1979 – Grete Waitz

Source: Eric Giacoletto via Facebook

21-Oct-1979 – New York City Marathon – 2:27:32.6 – Adidas Marathon 80
Date of birth: 1-Oct-1953 (died 19-Apr-2011 – aged 57)
Nationality: Norwegian

The athlete:                
Having blown away the competition the year before, Grete Waitz was the clear favourite for the 1979 New York City Marathon. She had taken a sabbatical from teaching and now ran full-time, determined to properly train for her next shot at the event. By the halfway point she was on track to beat her previous time, ahead by the slim margin of four seconds. A few miles later, her husband yelled to her from the sidelines that she was on track to set another world record.

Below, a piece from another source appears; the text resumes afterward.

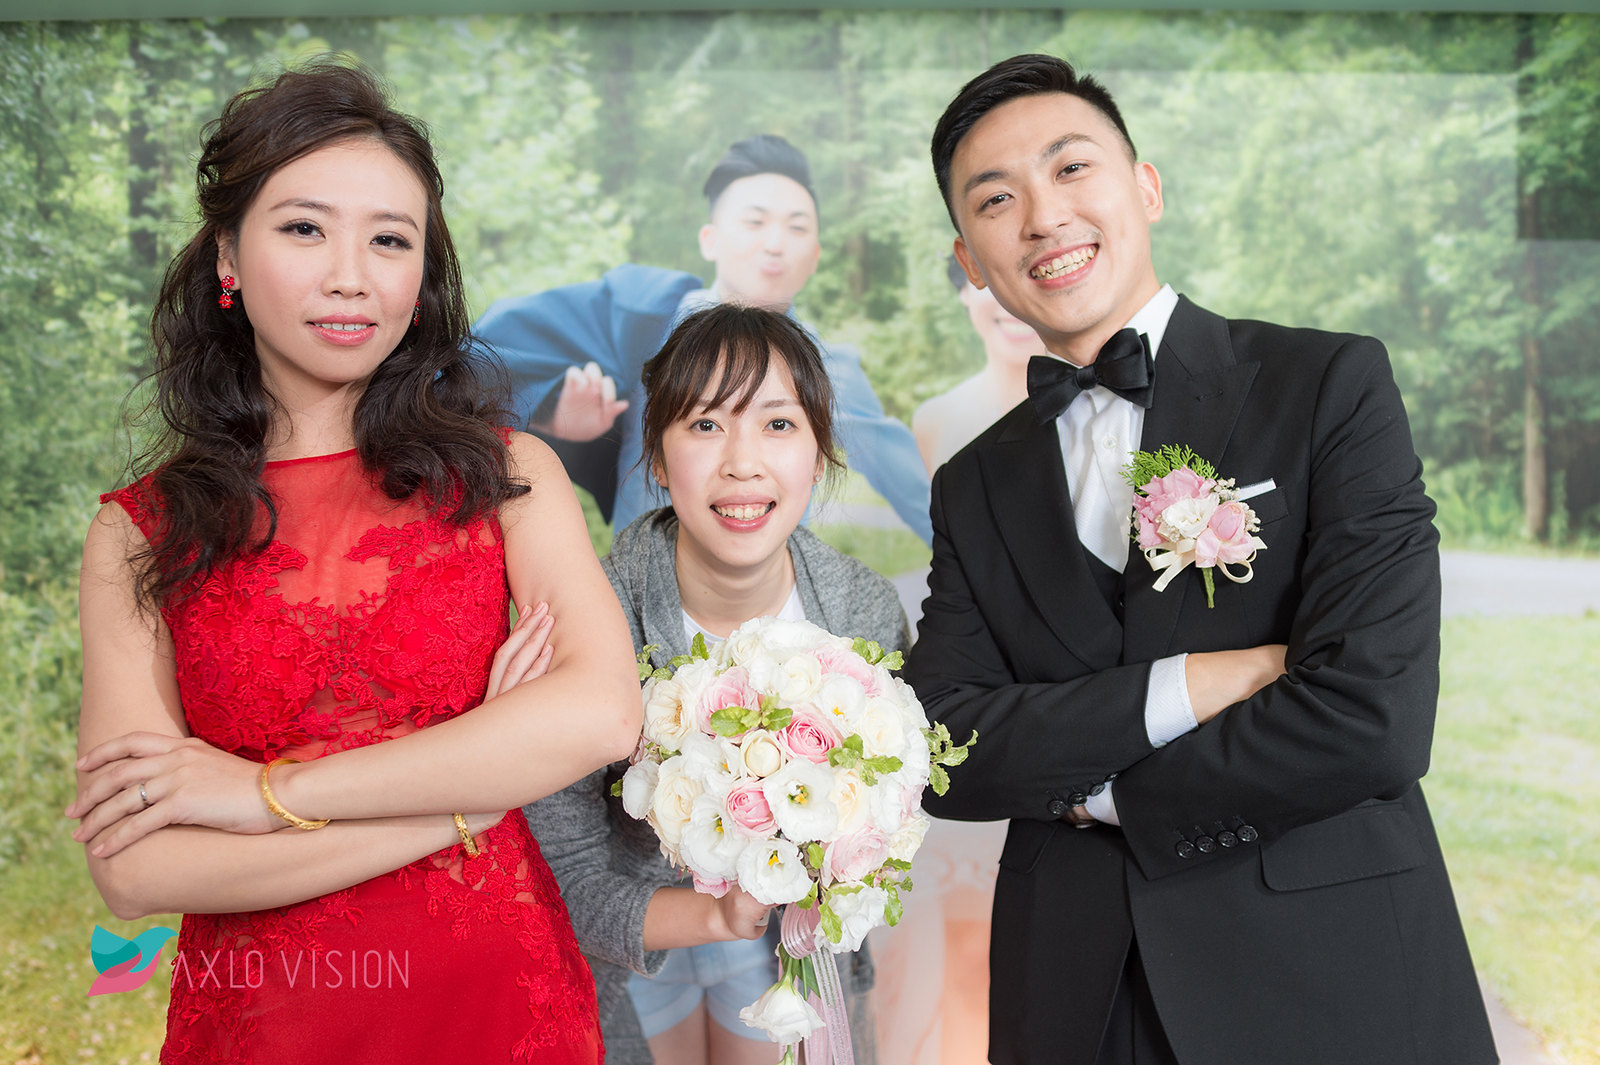 20170916 WeddingDay_196
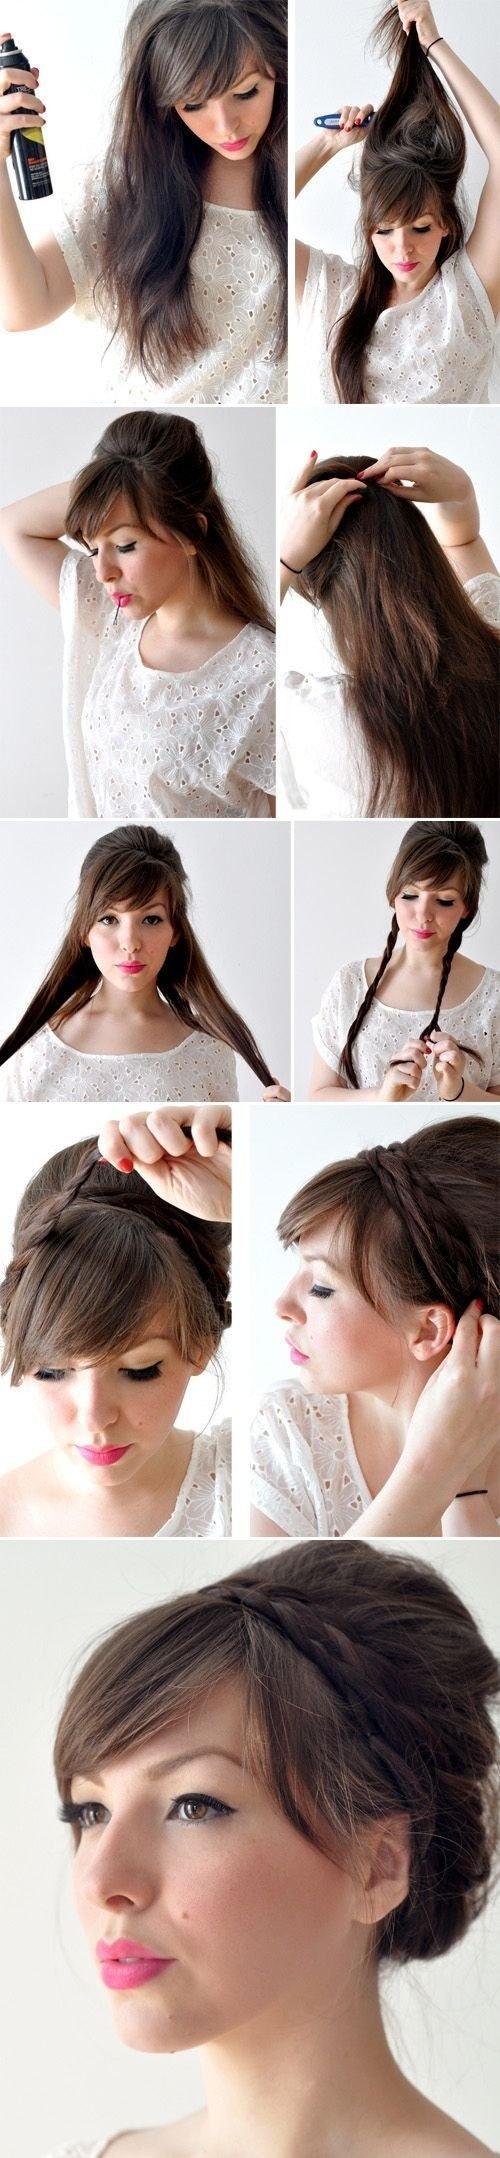 "Check out Nattha Pinsuwan's ""Cosmetology : Simple updo!"" Decalz @Lockerz http://lockerz.com/d/20299447?ref=diana.latorre.50"

Despite fatigue beginning to make its presence felt, Waitz persevered and crossed the line in under 2:30, at the time making her the first woman to have ever achieved the feat. To give further context, she finished 69th overall in a field of 11,533 runners. Her nearest competition, Gillian Adams, finished over 10 minutes behind. It was a huge difference from her 1978 run, where she was entered so late she wasn’t listed on the official program, and had mostly been enjoying the sights along the route. Now the crowd knew her name, and cheered her along every step.

As with her 1978 performance however, the course used by the New York City Marathon at the time was remeasured in 1985 and found to be short by as much as 152.4 metres. You can read more about this in an article I wrote for this website. World Athletics invalidated results set in the 1981 event but not previous years despite the same course being used. Accordingly, the Association of Road Racing Statisticians (ARRS) do not consider this to have been the marathon world record at the time. The ARRS are an independent group created years later by many former racing officials and supported by researchers from across the world.

It should not however be understated what Waitz achieved by setting the course record, and at the time having officially broken the 2:30 barrier in the marathon. Waitz grabbed the attention and imagination of runners around the world with her win. In many ways it set the scene for the final transformation of women’s distance running into the profession it is today.